Светлый фон

Одним из оппонентов Чернышевского в ту пору стал А. А. Григорьев. Еще до появления в печати первой статьи «Очерков» он в статье «Обозрение наличных литературных деятелей» писал, имея в виду Белинского: «Критика 1838–1846 годов <…> сказала свое последнее слово – и это последнее слово была крайность, пагубная для искусства – искусство было унижено до служебного значения, от него требовалось рабского угождения жизни во всех ее прихотях, требовалось многоплодности, а не многосодержательности. С тех пор критика растерялась и до сих пор не найдет точки опоры».[948]

Не видел положительного в истолковании Чернышевским Белинского и П. В. Анненков, о котором говорилось нами выше.

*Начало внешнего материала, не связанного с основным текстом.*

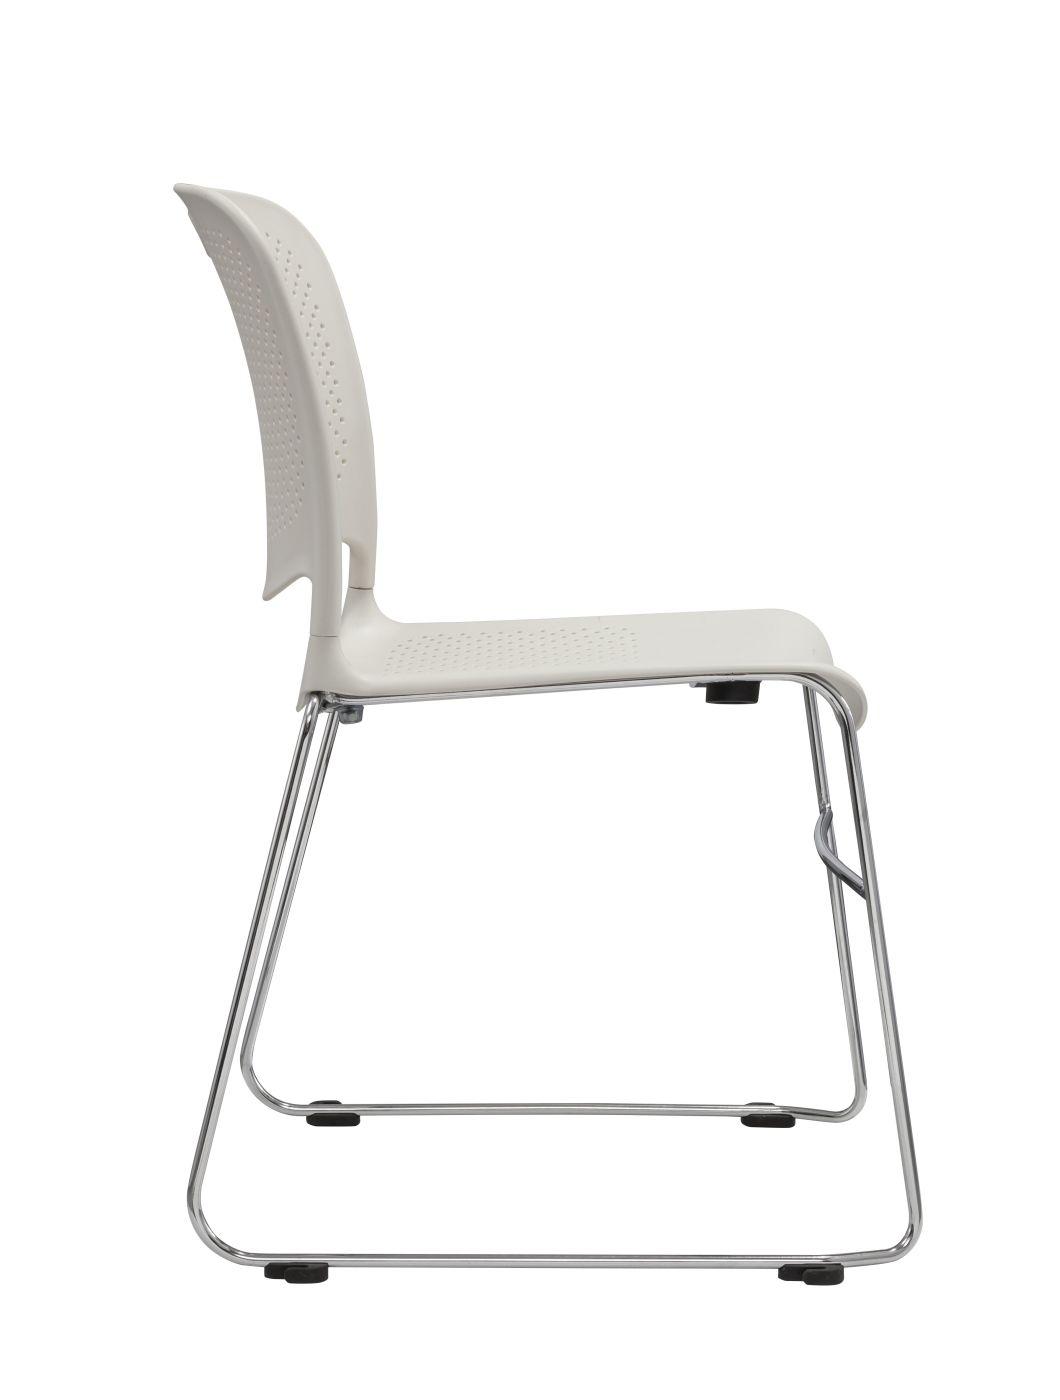 White Color Plastic Shell Seat Cushion Optional New Design Chromed Finished Frame Stool Chair

Наиболее развернутое возражение Чернышевскому содержалось в статье Дружинина «Критика гоголевского периода и наши к ней отношения».[949] «Критиком гоголевского периода» Дружинин, вслед за Чернышевским, называл Белинского. Статья была программной в творчестве ее автора и определяла основные принципы «артистической» теории искусства в противоборстве с «дидактическим» направлением Белинского и его последователей, «упрямых фетишистов», по выражению Дружинина. Критик убежден, что возрождение идей Белинского может только отрицательно, даже пагубно отразиться на литературе. Статьи Чернышевского – «рабские, бледные, сухие, бездарные копии старого оригинала», они безжизненны, стесняют развитие литературы, призванной служить идеалам красоты и вечности.[950] В условиях общественного подъема, выразившегося в критике целого ряда социальных явлений крепостнической жизни, пропаганда подобных принципов «искусства для искусства», на которых настаивал Дружинин, не могла иметь успеха. Чернышевский даже не ответил Дружинину, доктрина которого опровергалась всем ходом общественной литературной жизни. «Он теперь безвреден, – писал Чернышевский в сентябре 1856 г. Некрасову, – потому что его никто не слушает и не читает – чего же другого и можно желать?» (XIV, 316–317).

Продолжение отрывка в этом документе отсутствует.